Я не знал, смеяться мне или скорбно молчать. При этом я сознавал, что не смогу прямо сейчас понять всего случившегося, и что есть вещи, которые остаются неразгаданными, отчего поднимается туман страха.

— Это чокнутый Верфхаюс, — сказал Вертер. — Он на Ондерлангс живет.

Его мать с жалостливой миной покачала головой.

— Ненормальная наклонность, — сказала она. — Ненормальная наклонность.

Отец Вертера, ничего не сказав, вернулся на свое место. Я перепугался, что он сейчас примется искать брошюрку (я решил, что он станет читать ее вслух и, если я чего-то не пойму, затолкает меня в какую-нибудь бочку или в мешок).

— Идем на кухню, — тихо сказал я Вертеру — Мне нужно срочно поговорить с тобой наедине.

Мы отправились на кухню. Там было тихо, только слабо шипел газ под чайником. С улицы тоже не доносилось ни звука.

— Я сделал всякие разные открытия, — сказал я. — Тебе я могу рассказать. Если ты сейчас же пойдешь ко мне домой, я тебе кое-что покажу, что-то очень важное. А еще у меня есть склеп, настоящий. — Я жаждал как можно скорее уйти из его дома. Он согласился, но сперва хотел вернуться и сказать.

— Не надо, — с нажимом сказал я, — потому что это тайна. Враги могут прознать и станут преследовать нас.

Мы бесшумно спустились по лестнице и поспешили прочь. У меня дома мы сперва побродили по саду. Слабенький ветерок почти беззвучно шевелил кусты. Повисев на ветке ракитника, пока она не обломилась, мы воткнули ее стоймя в землю. Затем Вертер спросил, что это за склеп. Я привел его в сарайчик, усадил на истертую циновку и занавесил вход старым джутовым мешком, чтобы никто не мог заглянуть снаружи.

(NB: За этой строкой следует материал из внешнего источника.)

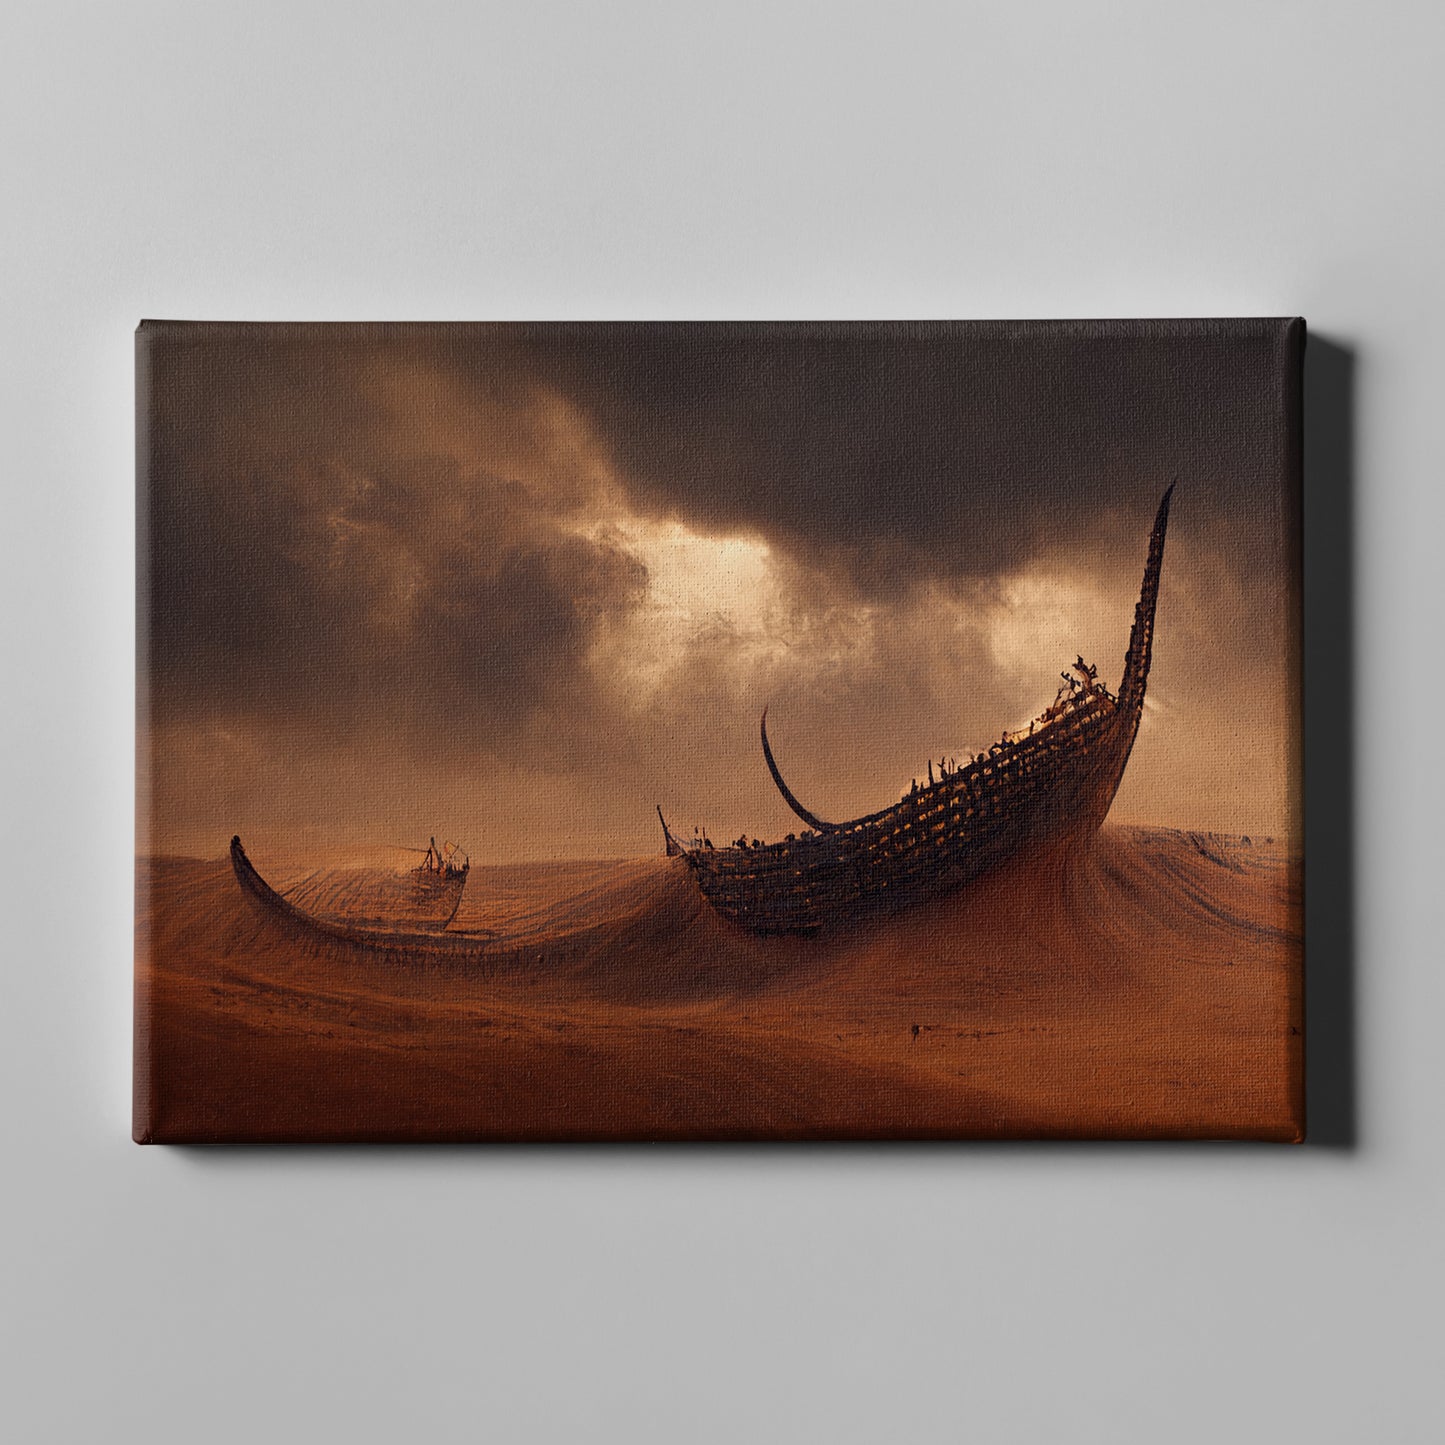 Ship in a desert

— Это склеп Глубокой Смерти, — сказал я. Вертер не ответил, он вяло смотрел в сумерки. — Нам надо организовать клуб, — сказал я. — Тогда мы станем рыть склепы. Потому что они очень нужны.

Я внезапно вспомнил, что накануне нашел дохлого скворца и завалил листьями в уголке сада.

— Идем на улицу, — сказал я, — церемония начинается.

Мы отыскали мертвую птичку, после чего я развел костер из щепок. На нем я сжег тельце, клокотавшее бурыми соками. Остался странно пахнувший обгорелый комочек; я положил его в коробочку из-под фиников в форме лодки. Я быстро набросал горку земли, прорыл в ней туннель, оканчивавшийся тупиком, и укрепил стенки дощечками: туда затолкал коробочку; закрыв вход, я присыпал вершину холмика мелким пеплом.

«Тайная птица предана земле», — пропел я про себя. Я повторил эту фразу много раз, но не осмелился произнести ее вслух.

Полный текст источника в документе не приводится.